**DATA EXTRACTS**
*** Block opens ***

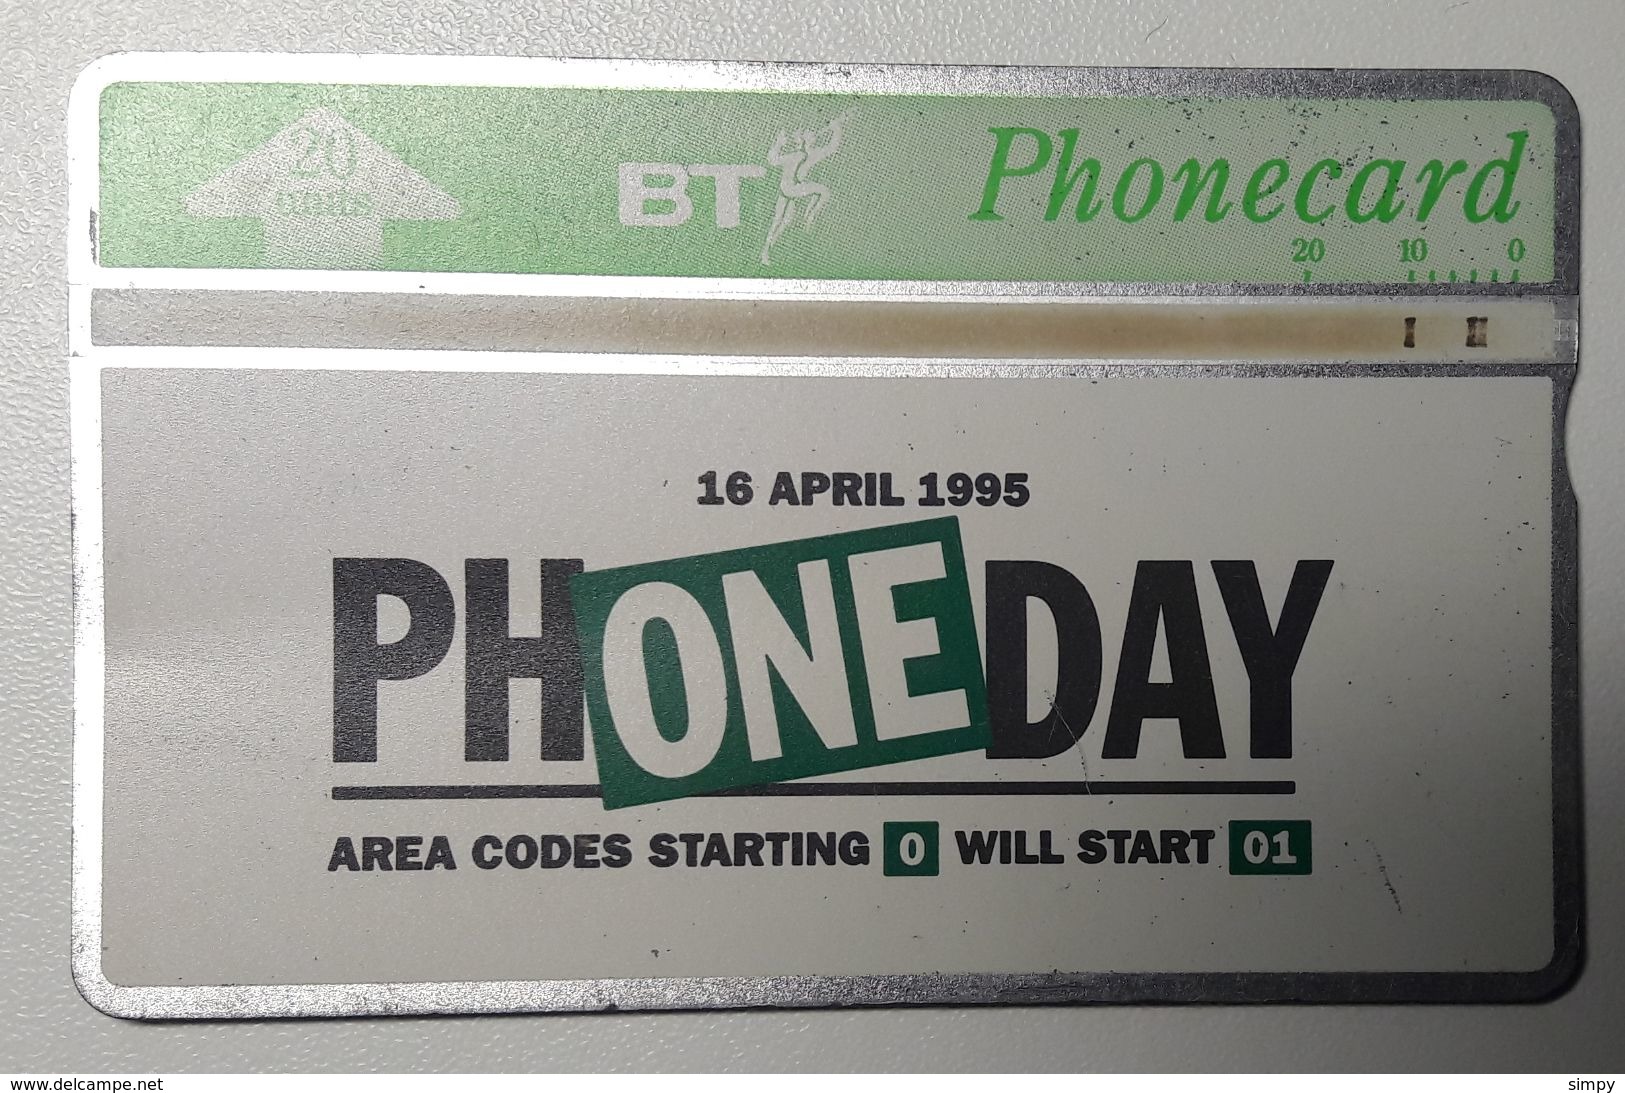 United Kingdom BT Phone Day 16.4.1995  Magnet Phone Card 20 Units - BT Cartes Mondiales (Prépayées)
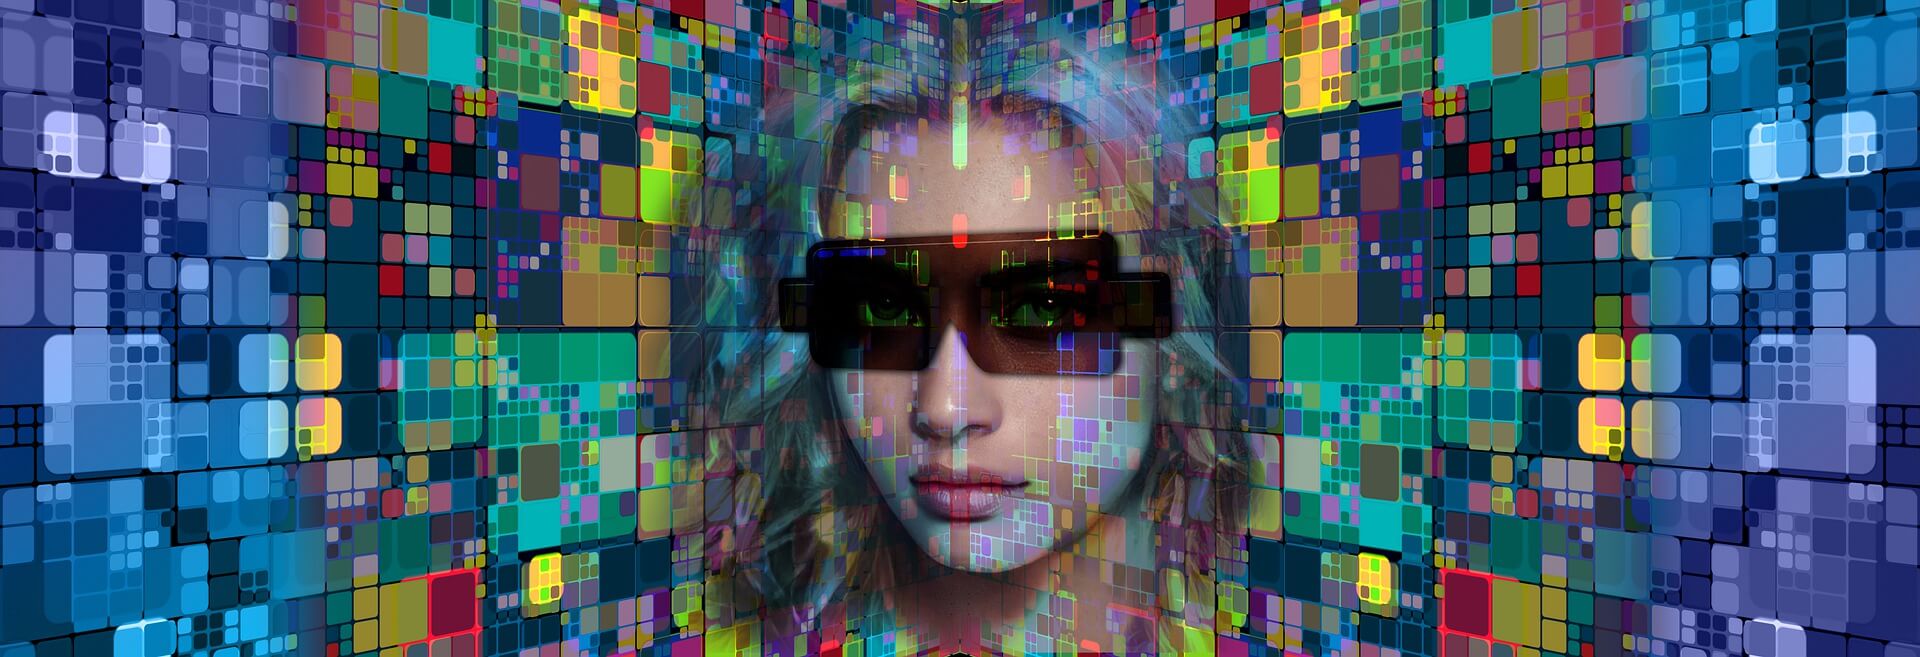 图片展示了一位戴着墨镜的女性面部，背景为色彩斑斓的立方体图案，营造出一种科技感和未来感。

*** Block closes ***
*** Block opens ***

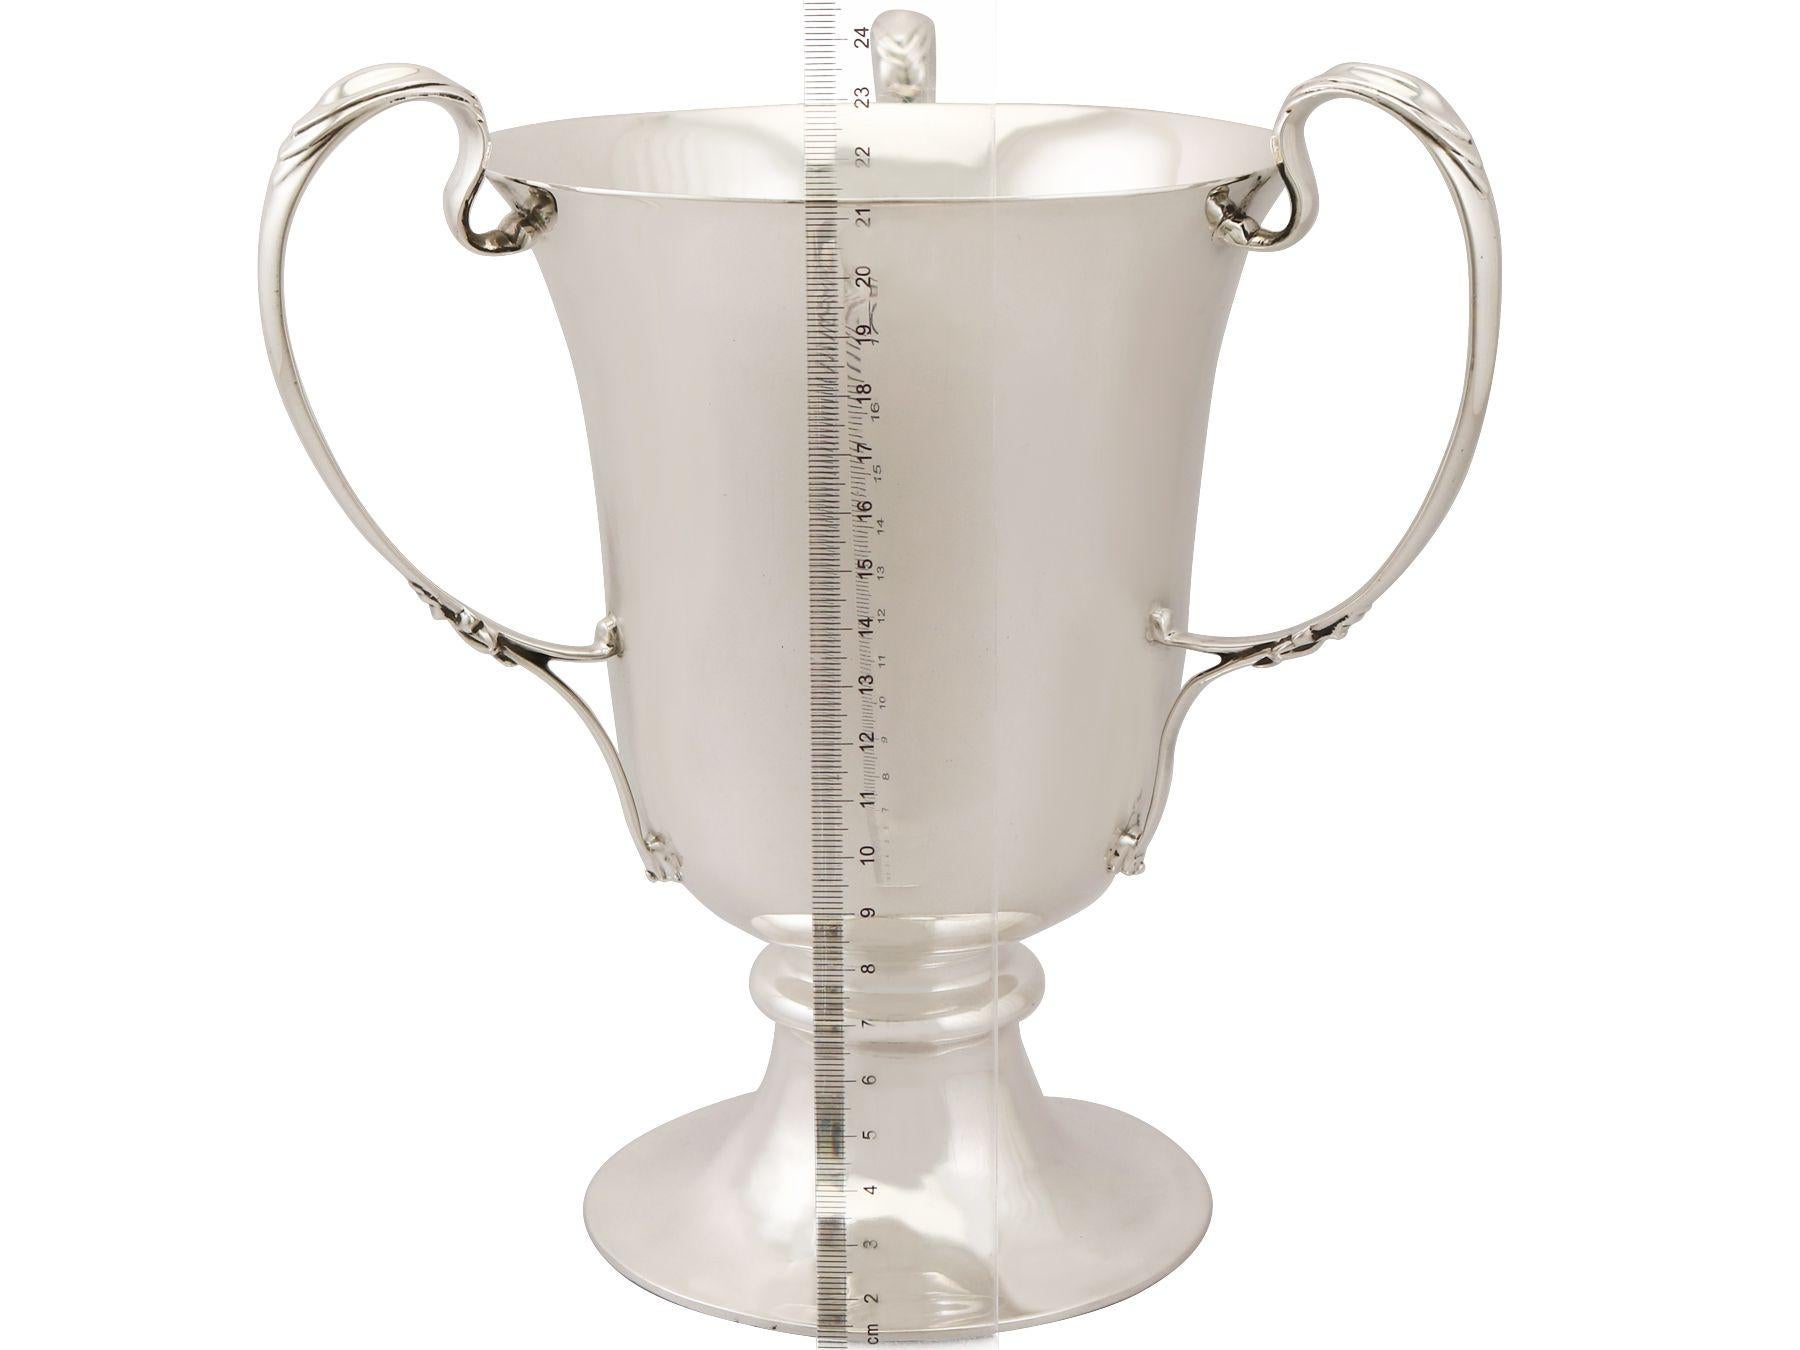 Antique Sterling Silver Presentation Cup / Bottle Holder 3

*** Block closes ***

**WHAT IS REQUIRED**
What you write must match the listing exactly, from the line with "United Kingdom BT" up to and including the line with "图片展示了一位戴着墨镜的女性". Pictures stay out.

**EXERCISE ANSWER**
 United Kingdom BT Phone Day 16.4.1995  Magnet Phone Card 20 Units - BT Cartes Mondiales (Prépayées)
 图片展示了一位戴着墨镜的女性面部，背景为色彩斑斓的立方体图案，营造出一种科技感和未来感。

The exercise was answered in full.